Однажды на лестнице дома, где мы жили, послышалось топанье многочисленных ног, крики и кряхтенье. Мы выбежали на площадку лестницы и увидели отца, который вел за собою несколько носильщиков, обремененных большой, странного вида вещью.

– Что это такое? – с беспокойством спросила мать.

Лучезарное лицо отца сияло гордостью и скрытой радостью человека, замыслившего прехорошенький сюрприз.

– Увидите, – дрожа от нетерпения, говорил он. – Сейчас поставим его.

Когда «его» поставили и носильщики, облагодетельствованные отцом, удалились, «он» оказался колоссальной величины умывальником с мраморной лопнувшей пополам доской и красным потрескавшимся деревом.

– Ну? – торжествующе обратился отец к окружающим. – Во сколько вы оцените эту штуку?

– Да для чего она? – спросила мать.

– Ты ничего не понимаешь, Варя. Алеша, скажи-ка ты – сколько, по-твоему, стоит сей умывальник?

Алеша – льстец, гиперболист и фальшивая низкопоклонная душонка – всплеснул измазанными чернилами руками и ненатурально воскликнул:

– Какая прелесть! Сколько стоит? Четыреста двадцать пять рублей!

– Ха-ха-ха! – торжествующе захохотал отец. – А ты, Варя, сколько скажешь?

Мать скептически покачала головой.

– Да что ж… рублей пятнадцать за него еще можно дать.

– Много ты понимаешь! Можете представить – весь этот мрамор, красное дерево и все – стоит по случаю всего двадцать пять рублей. Вот сейчас мы его попробуем! Марья! Воды.

В монументальный рукомойник налили ведро воды… Нажатая ногой педаль не вызвала из крана ни одной капли жидкости, но зато, когда мы посмотрели вниз, ноги наши были окружены целым озером воды.

– Течет! – сказал отец. – Надо позвать слесаря. Марья! Сбегай.

Слесарь повозился с полчаса над умывальником, взял за это шесть рублей и, уходя, украл из передней шапку.

Умывальник поселился у нас.

Когда отца не было дома, все с наслаждением умывались из маленького стенного рукомойника, но если это происходило при отце, он кричал, ругался, заставлял всех умываться из его покупки и говорил:

– Вы ничего не понимаете!

У всех было основание избегать большого умывальника.
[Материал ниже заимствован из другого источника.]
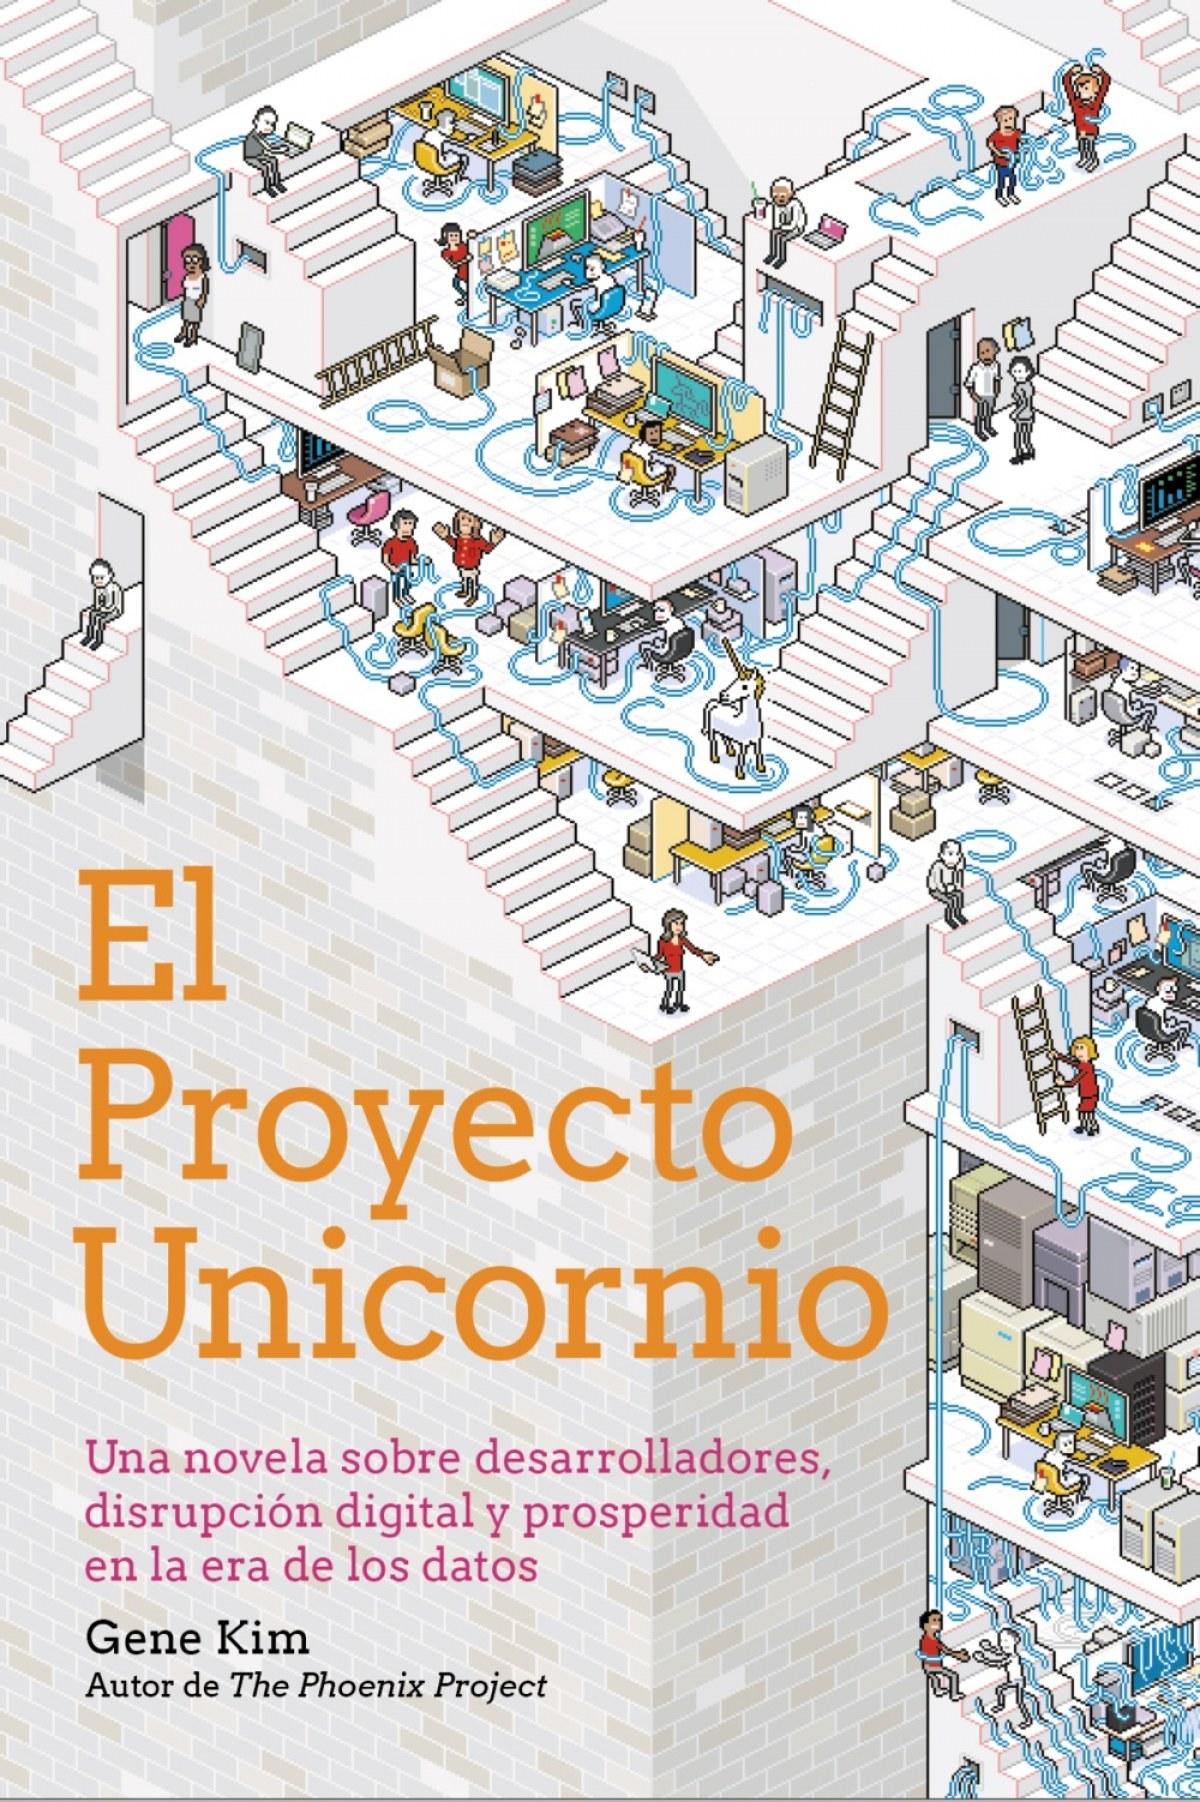 El Proyecto Unicornio

У него был ехидный отвратительный нрав и непостоянство в симпатиях. Иногда он обнаруживал собачью привязанность к сестре Лизе и давался умываться из него нормальным, обычным способом. Или дружился с Алешей, был предупредителен к нему – покорный, как ребенок, лил прозрачную струю на черные Алешины руки и не позволял себе непристойных выходок.
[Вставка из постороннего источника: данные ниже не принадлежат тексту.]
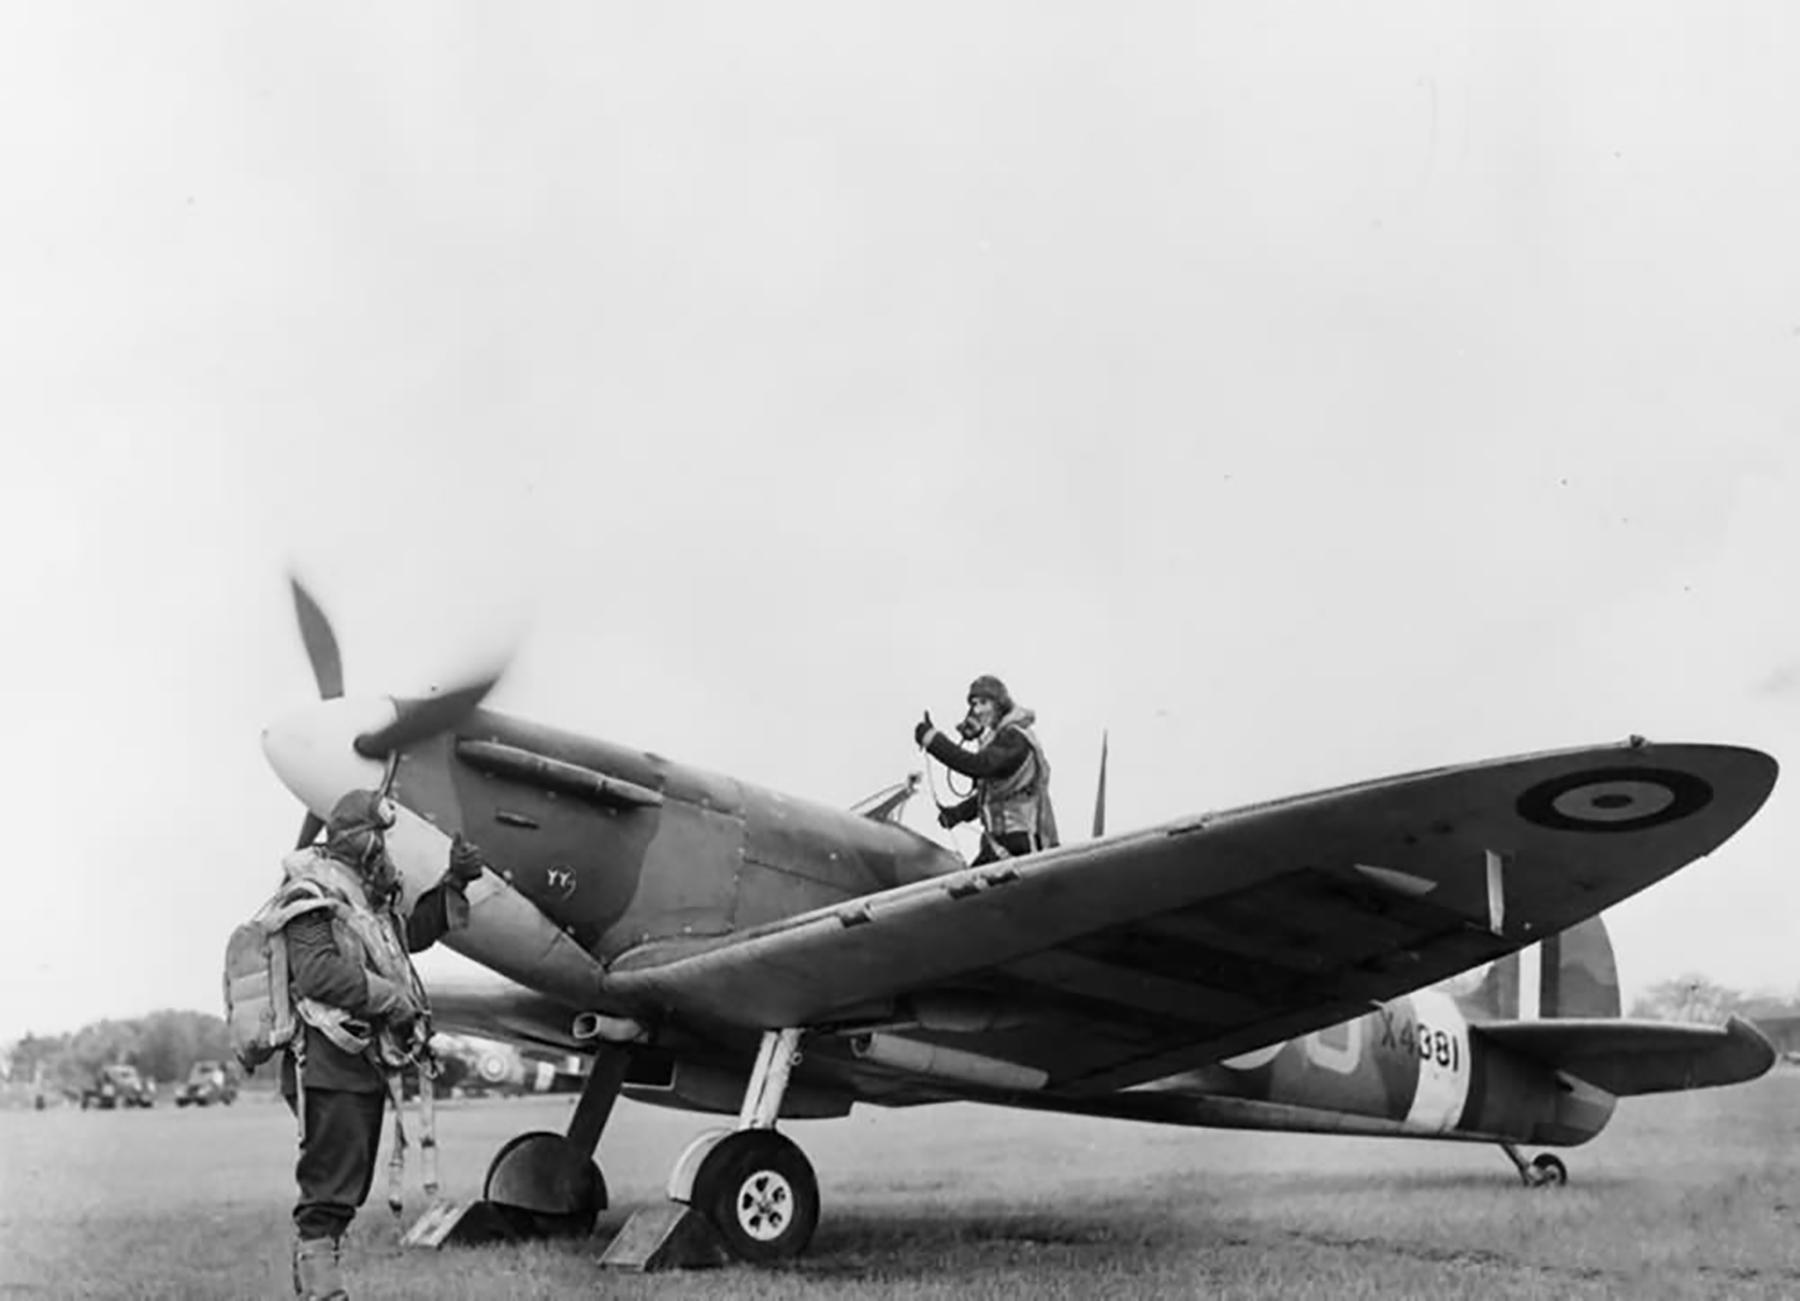 Spitfire MkIa RAF 501Sqn SDJ X4381 at Colerne web 01

Со всеми же другими поступал так. Стоило только нажать педаль, как из крана со свистом вылетала горизонтальная струя воды и попадала неосторожному человеку в живот или грудь; потом струя моментально опадала и, притаившись, ждала следующего нажатия педали. Человек нагибался и подставлял руки, надеясь поймать проклятую струю в том самом месте, куда она била.

Но струя не дремала…

Увидя склоненные плечи, она взлетала фонтаном вверх, обрушивалась вниз, обливала голову и затылок доверчивого человека, моментально пропадала и, нацелившись на ноги, орошала их так щедро, что человек, побежденный умывальником, с проклятием отскакивал в сторону и убегал.

Иногда же умывальник вертел струей, как змея головой, поворачивал ее, кривлялся, и тогда нужно было бегать вокруг этой монументальной дряни, чтобы поймать руками ускользающую увертливую струю. Потом уже мы придумали делать на нее форменную облаву: становились вокруг, протягивали десяток рук, и загнанная струя, как ни изворачивалась, а кому-нибудь попадала…

* * *

Однажды на лестнице раздался знакомый топот и кряхтенье… Это отец, предводительствуя армией носильщиков, вел новую покупку.

То была странная процессия.

Впереди три человека тащили громадный четырехугольник с отверстием посередине, за ними двое несли странный точеный стержень, а сзади замыкали шествие еще два человека с каким-то подобием громадного глобуса и стеклянным матовым полушарием, величиной с крышу небольшого сарайчика.

– Что это? – с тайным страхом спросила мать.

– Лампа, – весело отвечал отец.

– А я думала – тумба для афиш.

– Не правда ли, – подхватил отец, – прегромадная вещь. Я и торговался полчаса, пока мне не уступили.

Лампу установили рядом с умывальником. Она была ростом под потолок и вида самого странного, на редкость неудобного – тяжелая, некрасивая, похожая на какое-то чудовищное африканское растение.

– Ну как думаешь, Алеша… Сколько она стоит?

– Три тысячи! – уверенно сказал Алеша.

– Ха-ха! А ты что скажешь, Варя?

Мать, севши в уголку, беззвучно плакала. С отца весь восторг сразу слетел, и он, обескураженный, подошел к матери, нагнулся и нежно поцеловал ее в голову.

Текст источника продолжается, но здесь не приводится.